The primary quantitative methods currently available for the prototypical administration of polysaccharide include chromatography and bioassays. Due to their lack of UV-absorbing groups, polysaccharides can only be analyzed using size exclusion chromatography coupled to an Evaporative Light-Scattering Detector (ELSD) or Refractive Index Detector (RID) [11], a method without sufficient detective sensitivity and consequently deemed unsuitable for clinical pharmacokinetics. In contrast, bioassays are recognized for their high specificity and sensitivity. For example, the “G-test” specifically recognizes β-1, 3-glucan with exceptional sensitivity, making it a gold standard for the clinical diagnosis of invasive fungal infections. Based on a similar principle, Yoneda et al. developed a sandwich enzyme-linked immunosorbent assay to quantify lentinan levels in plasma samples, achieving a sensitivity of 17 pg/mL [12]. However, previous studies from our laboratory have revealed that the G factor possesses a strong affinity for high-molecular-weight β-1, 3-glucans while showing no binding to BG136. Furthermore, a significant challenge in bioassays is obtaining an effector that strongly reacts or binds to the substance being measured. Therefore, applications of this approach in polysaccharide pharmacokinetics are limited.

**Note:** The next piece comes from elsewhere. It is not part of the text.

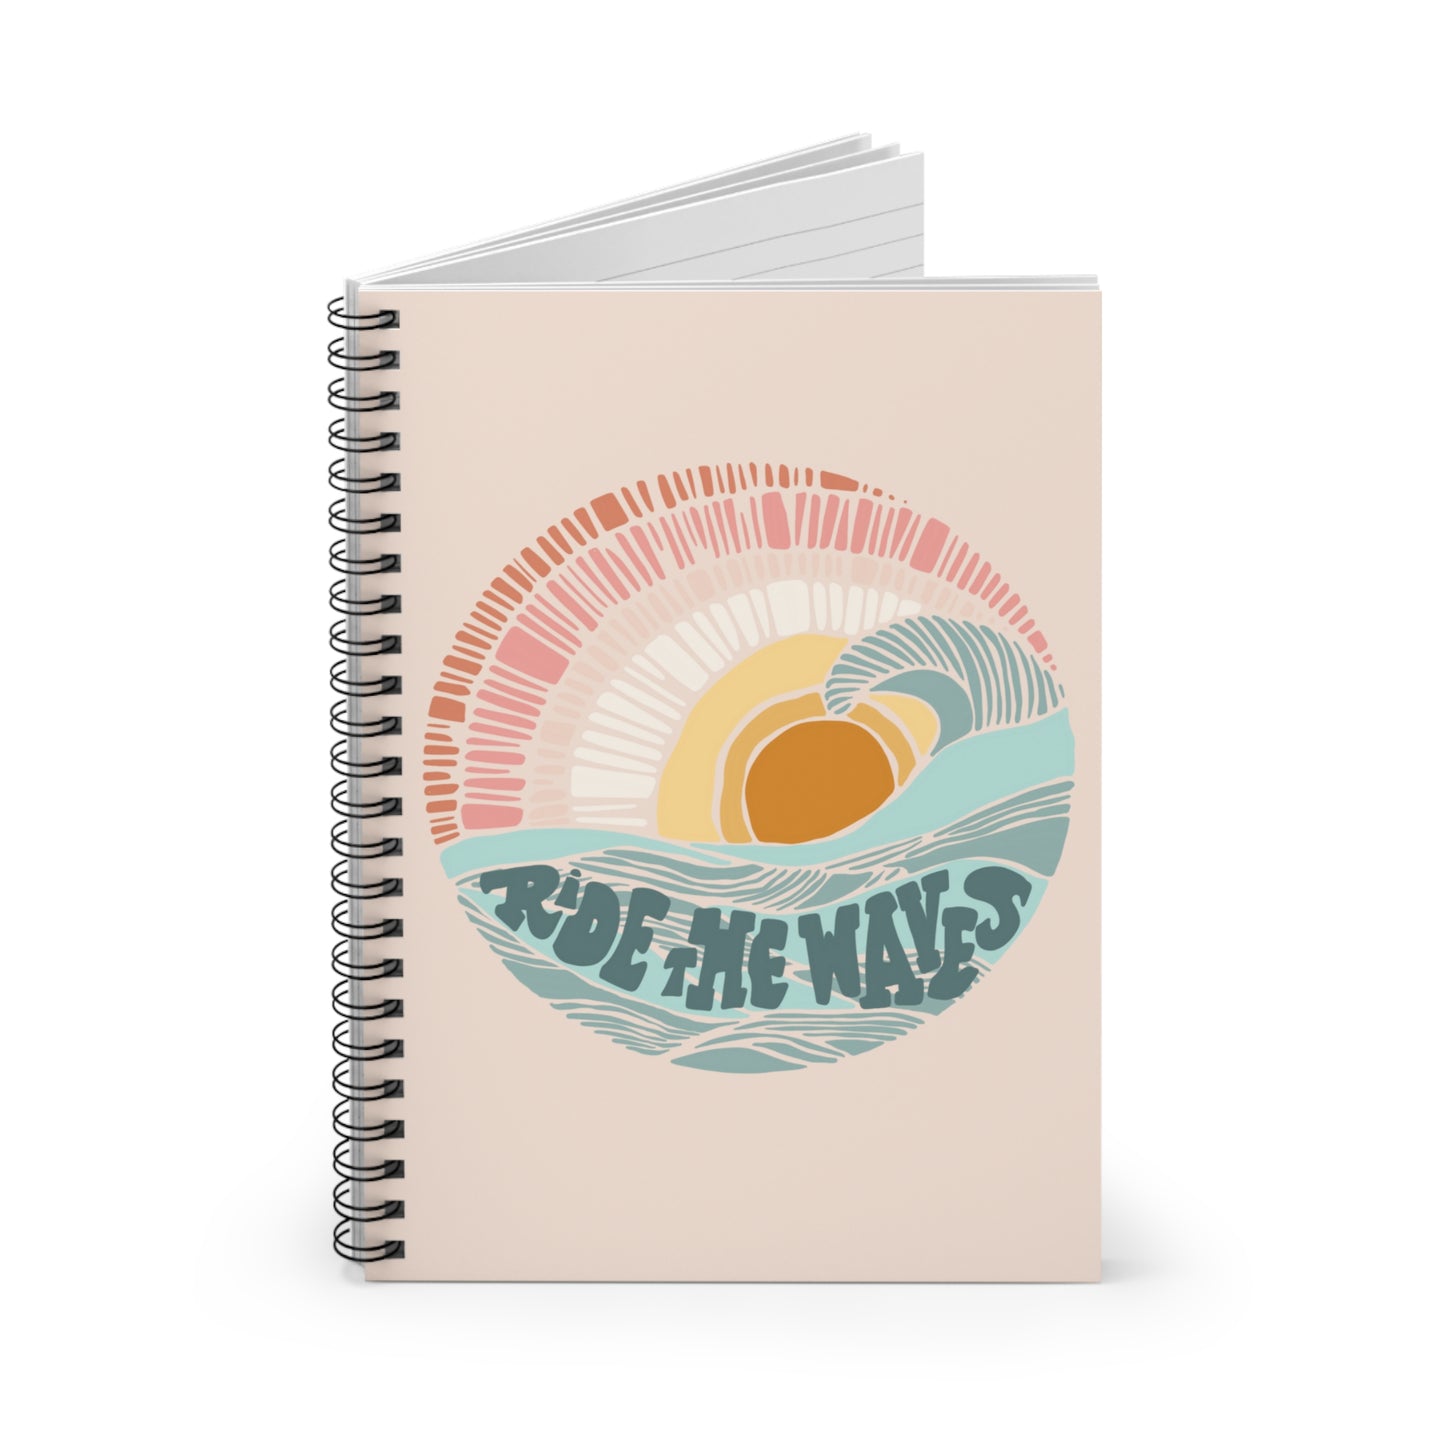 Ride the Waves Spiral Notebook - Ruled Line

Milestone advancements in mass spectrometry have revolutionized drug quantification, especially through multiple reaction monitoring (MRM) that assigns parent-daughter ion pairs as a drug’s unique identifier [13,14]. Although LC-MS techniques fall short in directly detecting macromolecular polymers, a promising avenue involves developing a quantitative method using a bottom-up approach [5,15]. This strategy has been widely commercialized in proteomic analysis for an extended period [16]. While there is growing interest in applying this strategy in the field of glycan analysis, its current advancement is largely constrained to quantitative analysis in aqueous solutions or food matrices [17]. To date, there have been no successful applications of this strategy in complex biological matrices, such as body fluids or tissues. The discrepancy in matrix environments significantly impacts the difficulty involved in quantitative polysaccharide analysis. This is because the interference from complex biological matrices is substantial and even a decisive factor for establishing a polysaccharide quantitative method [18]. Endogenous sugar chains, coupled with exogenous carbohydrates and dietary fiber ingested by organisms, contribute to a variety of neutral oligosaccharides and their isomers in biological organs and body fluids. Especially when the bottom-up strategy is applied to neutral polysaccharides like β-glucan, the resulting specific fragments encounter numerous endogenous and exogenous oligosaccharide isomers, yet the effective separation of oligosaccharide isomers is undoubtedly a formidable challenge [17,19,20,21]. Furthermore, certain unidentified components in complex biological matrices may inhibit enzyme activity, directly impeding the generation of oligosaccharides, which is a necessary first step in bottom-up analysis. Therefore, a singular protocol may not uniformly analyze polysaccharides across diverse biological samples, necessitating customization for different biological matrices.

We hypothesize that: (1) BG136 contains at least one structurally unique fragment that can serve as a quantitative marker; (2) biological matrices have varying interferences that affect the production and detection of these markers, making a single protocol inapplicable to all matrices; and (3) BG136 may trigger unique biological processes and in vivo fates involving biodistribution, biotransformation, and bioclearance compared to reported higher molecular weight β-glucans. In this study, the absolute quantification of BG136 relied on the abundance of the structure-specific trisaccharide (Glc-β1, 6-Glc-β1, 3-Glc). In plasma, the main interferences for BG136 analysis are trisaccharide isomers and high glucose levels, while urine contains additional inhibitors of enzyme activity. To tackle these issues, we developed two sample preparation protocols for accurately determining BG136 levels in various biological matrices. This methodology shows excellent sensitivity, enabling the precise quantification of BG136 in cellular, animal, and human studies.

2. Results and Discussion

2.1. Optimization of Sample Preparation

A prerequisite for applying the bottom-up strategy to detect polysaccharide-drug in complex biological samples is ensuring that it remains intact in vivo or is degraded only in trace amounts, thereby maintaining the accuracy of the results. To investigate the feasibility of using this strategy to track the in vivo behavior of BG136, we initially assessed its form in urine after a single intravenous injection. The finding, displayed in Figure S1, suggests that BG136 is mainly eliminated in its original, unchanged form.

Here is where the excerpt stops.